Every line between the one containing "JUNE 7.2 - Tee-shirt" and the last line of the data, both included, is to be set down exactly, and pictures are to be omitted.

> Data extract:
[Start of section]

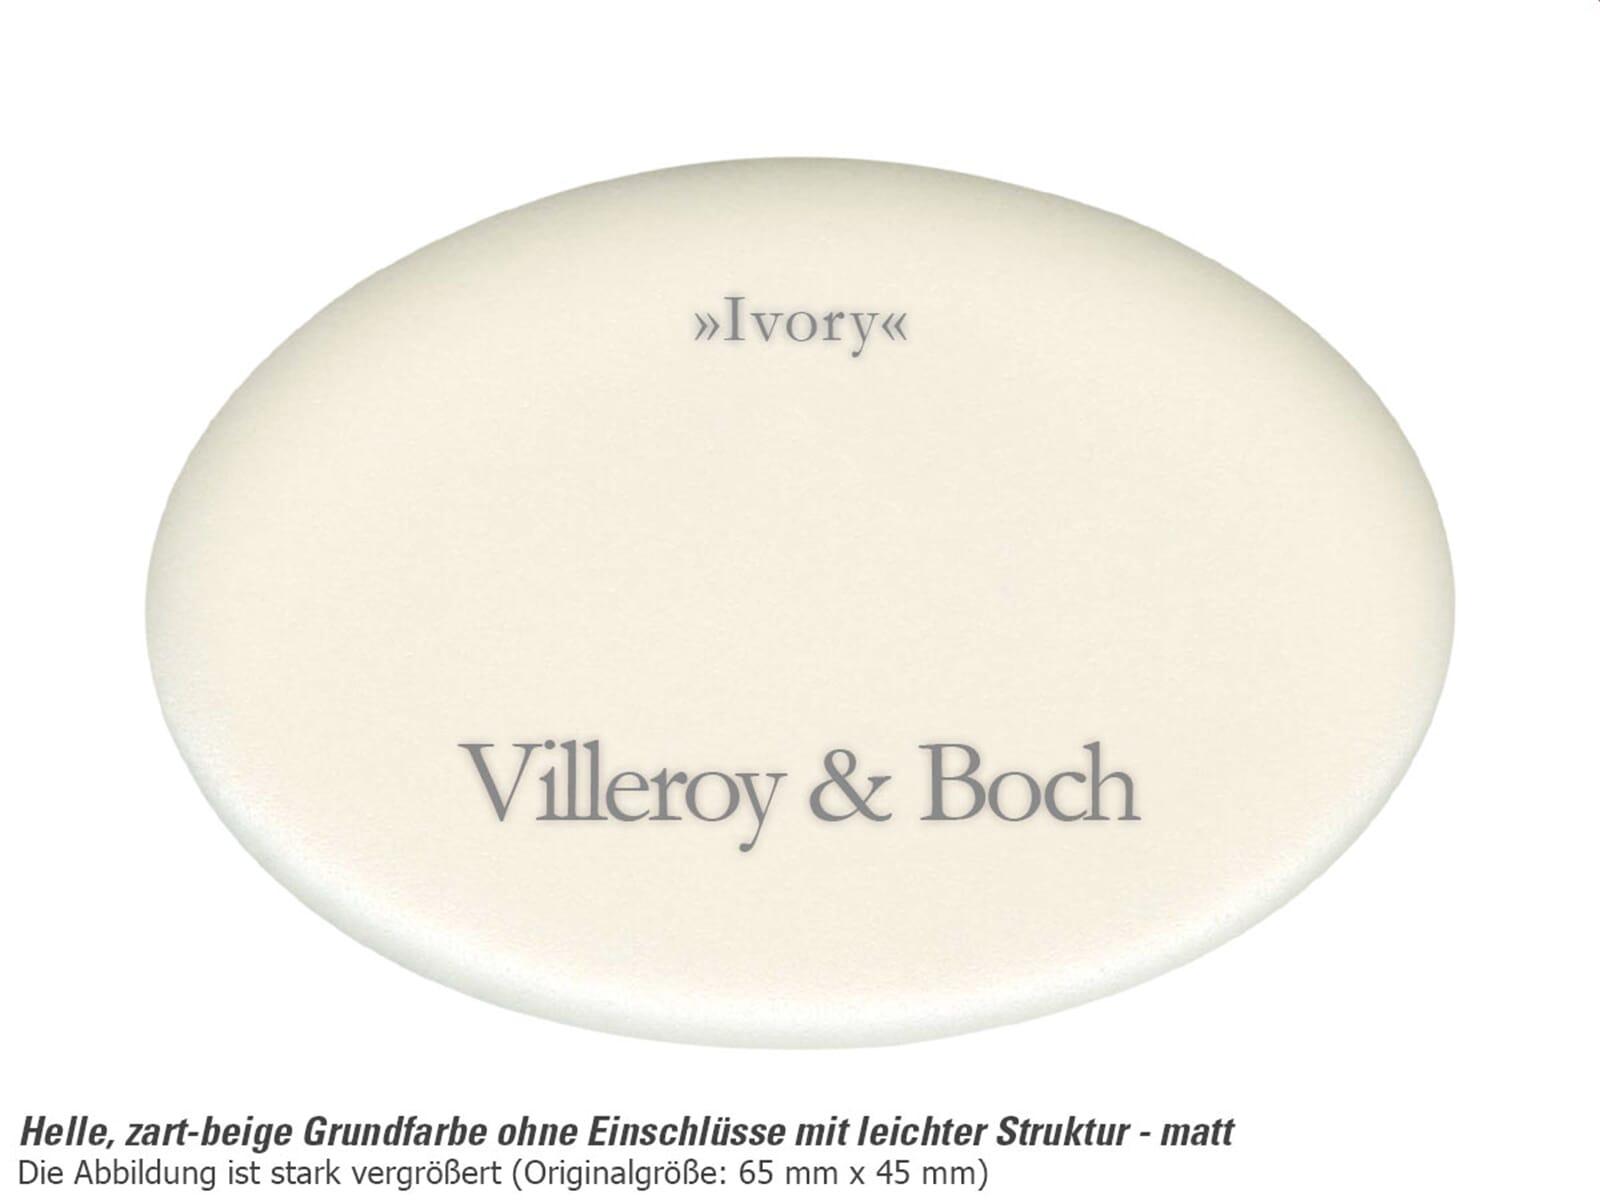 Villeroy & Boch Siluet 60 R - 3337 02 FU Ivory Keramikspüle Excenterbetätigung
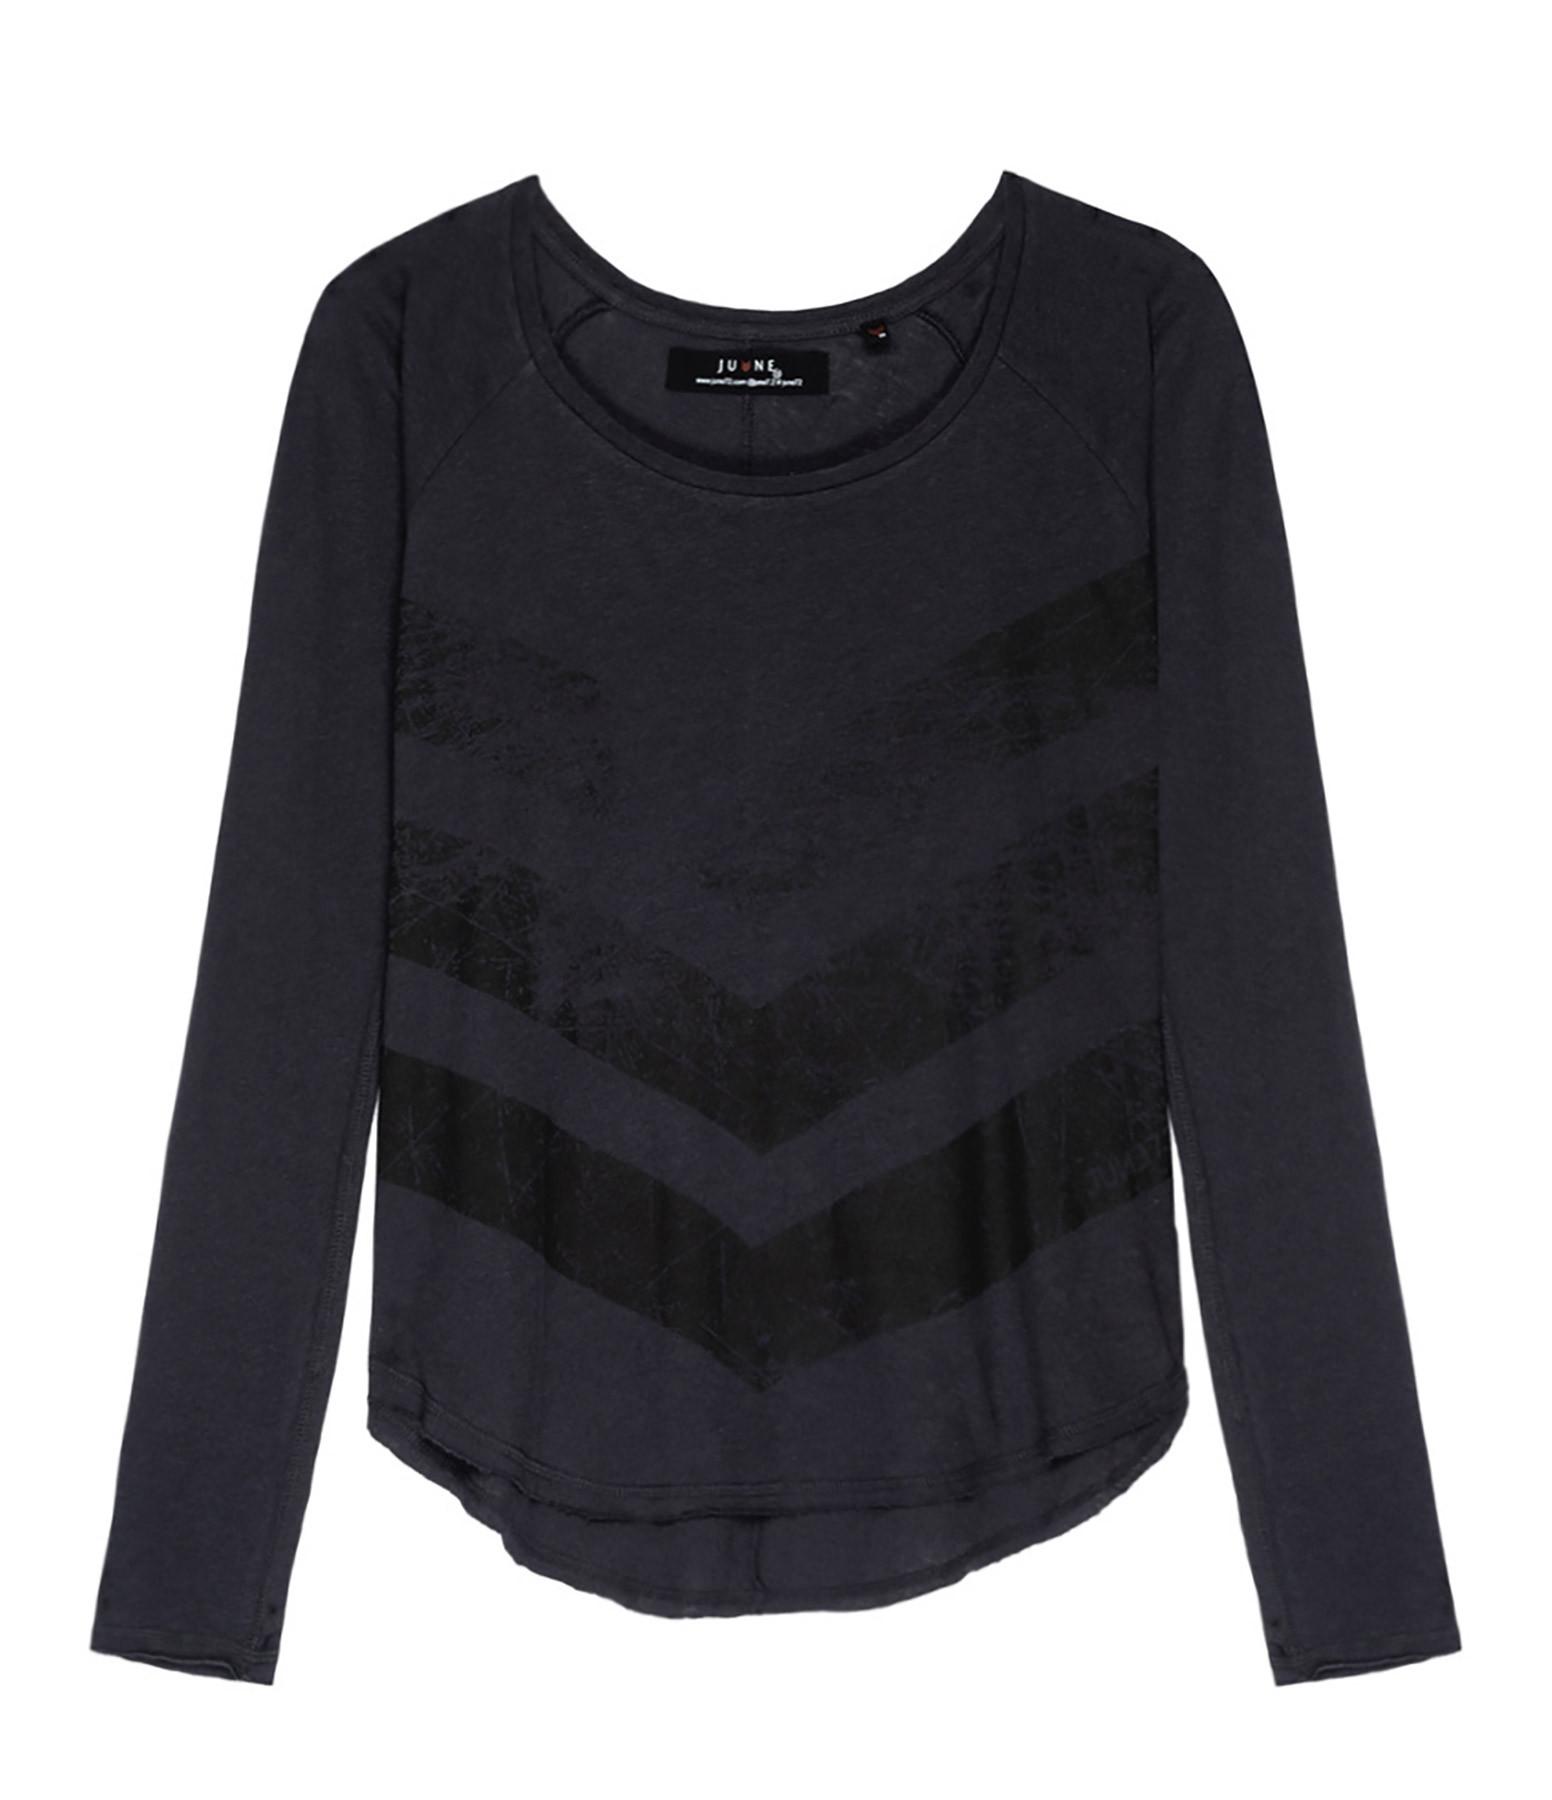 JUNE 7.2 - Tee-shirt Katya Coton Lin Charbon Logo Noir
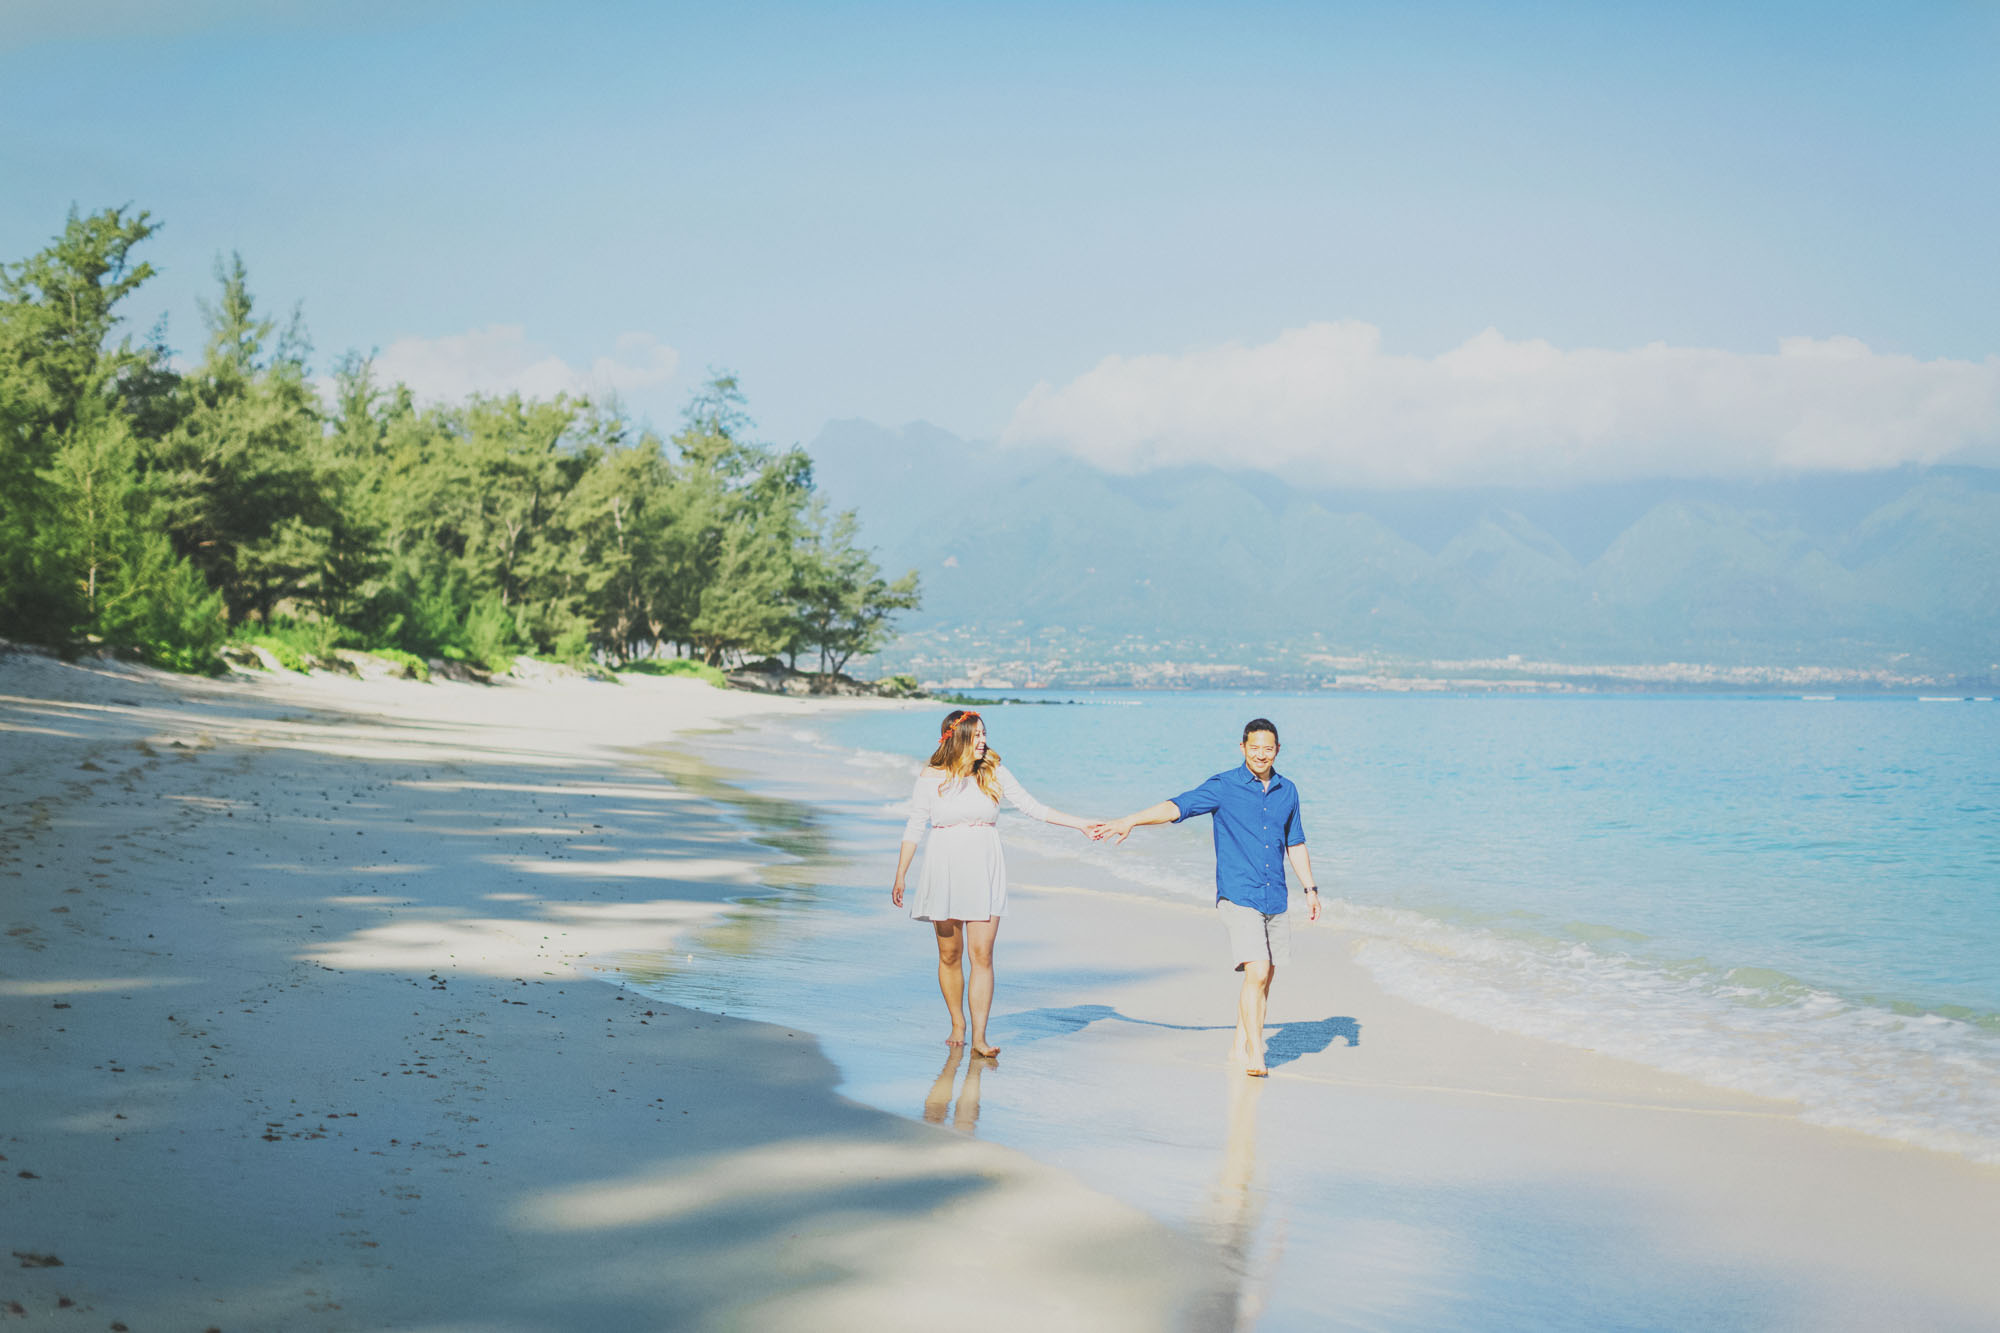 Maui hawaii photographer wedding inspiration_2.jpg

[End of section]

> Exercise solution:
 JUNE 7.2 - Tee-shirt Katya Coton Lin Charbon Logo Noir
 Maui hawaii photographer wedding inspiration_2.jpg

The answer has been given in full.